At the same time, "the fund is growing, so that its (European) investments measured in Norwegian kroner will still increase over time," Johnsen said, adding "the fund shall continue to be a considerable investor in Europe."
The Norwegian oil fund, which contains all state revenues from the country's massive oil and gas sector, is currently valued at around 3,470 billion kroner ($609.2 billion) and is Europe's biggest
Parallel with the relative reduction in European stocks and bonds, the fund will increase its investments in the Americas and in Africa from 35 to about 40 percent of its total portfolio, while its portion of Asian investments will rise from 11 to 19 percent.
"We want a broad diversification of the investments, in accordance with the actual production capacity in different parts of the world," finance ministry state secretary Hilde Singsaas told the Dow Jones Newswires.

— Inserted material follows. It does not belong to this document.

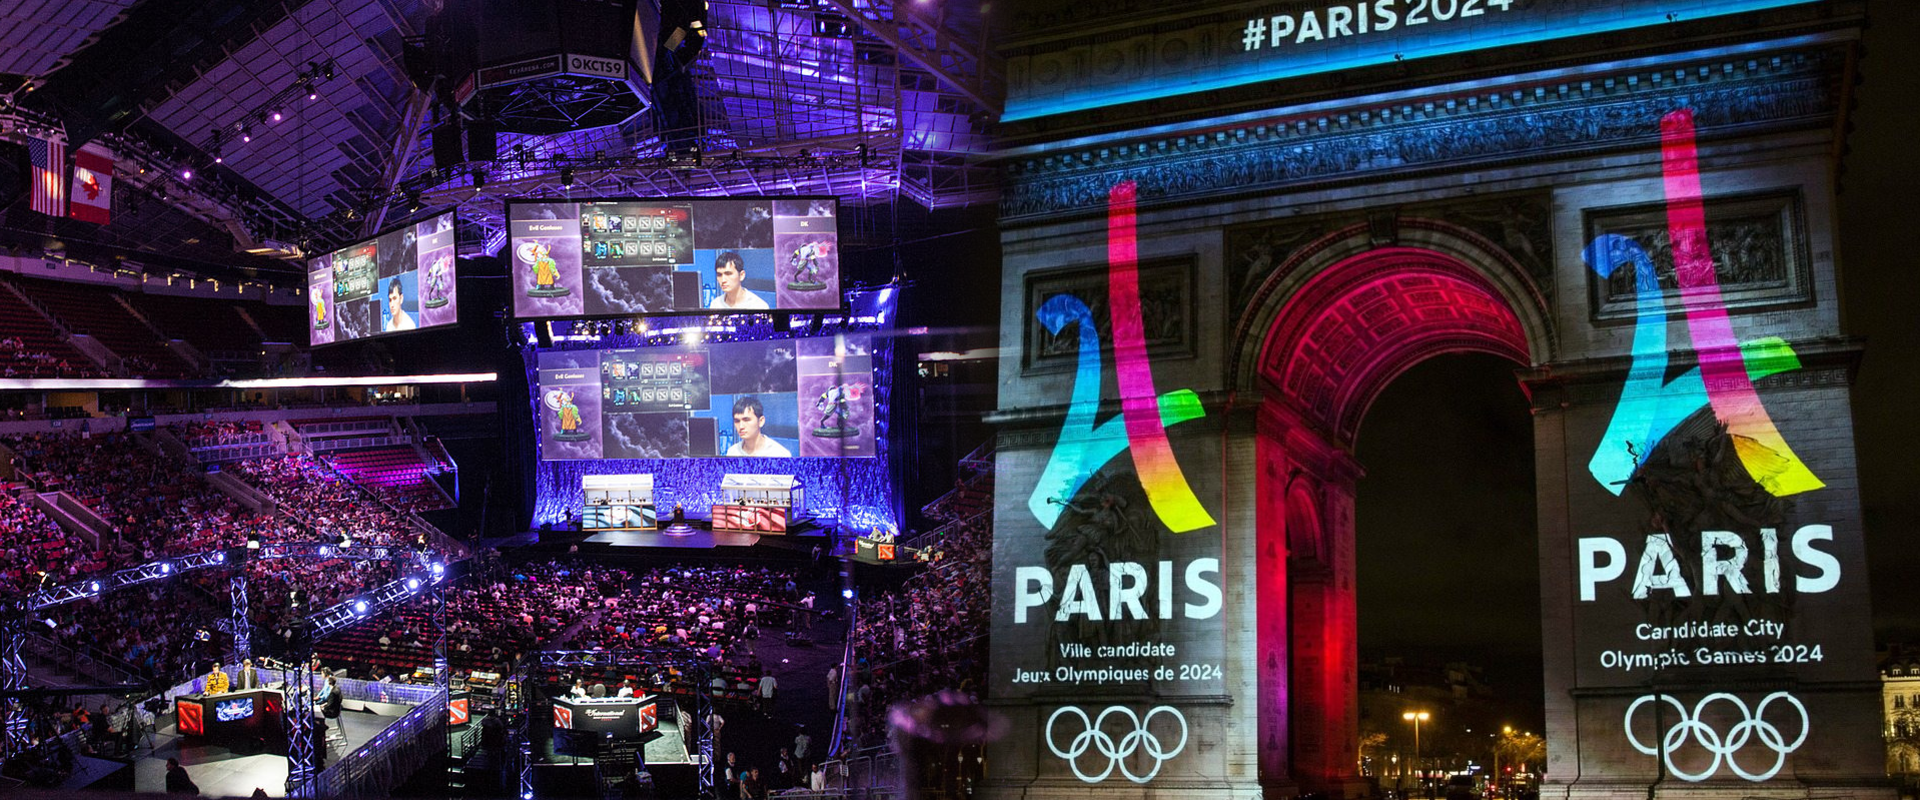 Előrehaladott tárgyalások folynak arról, hogy az e-sport is ott legyen a 2024-es párizsi olimpián

The Norwegian fund was created in the beginning of the 1990s to help finance Norway's generous welfare state system once the oil wells run dry, and is invested in equities and bonds, as well as real estate.
The government is not authorised to use more than four percent of its holdings each year to balance its budget.
Without the cash injection from the fund, the budget would be in the red and the current centre-left government has balked at a central bank recommendation to lower the spending ceiling.